# Indianapolis brother and sisters interested in the URCNA?



## mvdm (Aug 28, 2013)

I am wondering if there are brothers/sisters in Indy that might be interested in learning more about the URCNA. If so, feel free to post a question or comment, or if you like, feel free to private message me. I've often thought the URC could be of service to some folks that are desirous of a confessional, continental Reformed church.


----------



## PuritanCovenanter (Aug 29, 2013)

If there is interest in this venture please let it be known somehow. I know a lot of Reformed People who do not adhere to the established denominations that are here but are Reformed.

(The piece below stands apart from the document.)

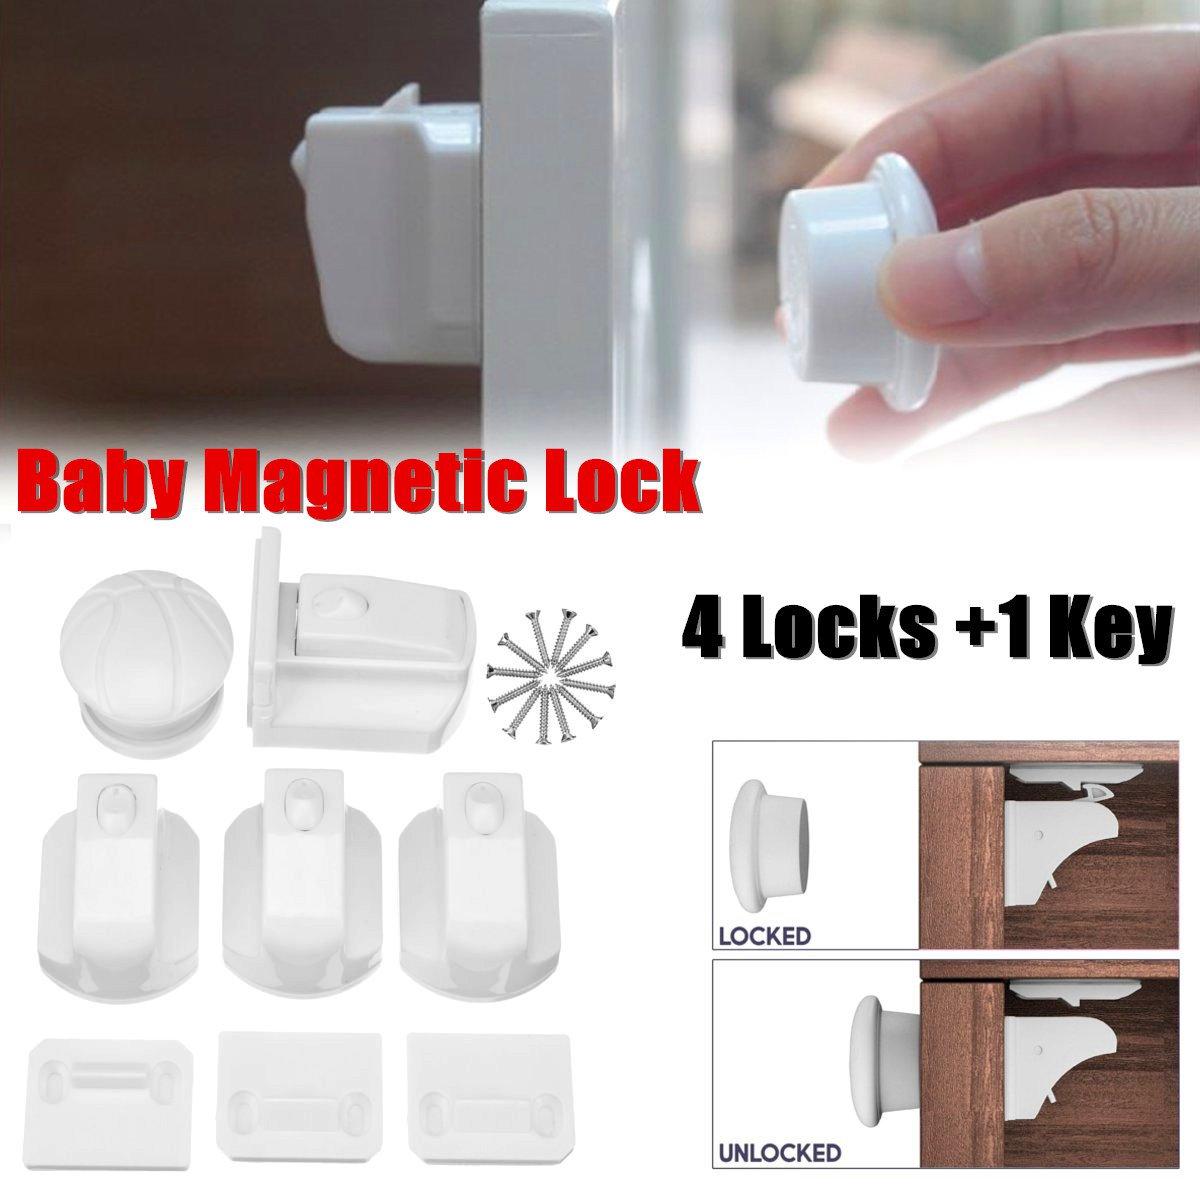 4pcs Magnetic Child Lock Baby Cabinet Safety Locks Kids Armario Drawer Locker Security Latches Cupboard

We have a great fraternal group between the Congregationalists, Baptists, UCC, Lutheran, PCA, OPC, and RPCNA. I see the URCNA having good success especially in certain areas. I am not one to contact necessarily but encourage it. I do have interest in the Reformation Society here which involves a lot of groups. Even the United Church of Christ (which is a very Liberal denomination) has a is very conservative Pastor who grew up at the feet of Alistair Begg and presents at our Meetings. There is a lot of ground to cover since this is Campbellite ground. Yes, we have a Pastor from one of those churches also. He is a goodman. He travels some distance to attend RSi. Thanks.


----------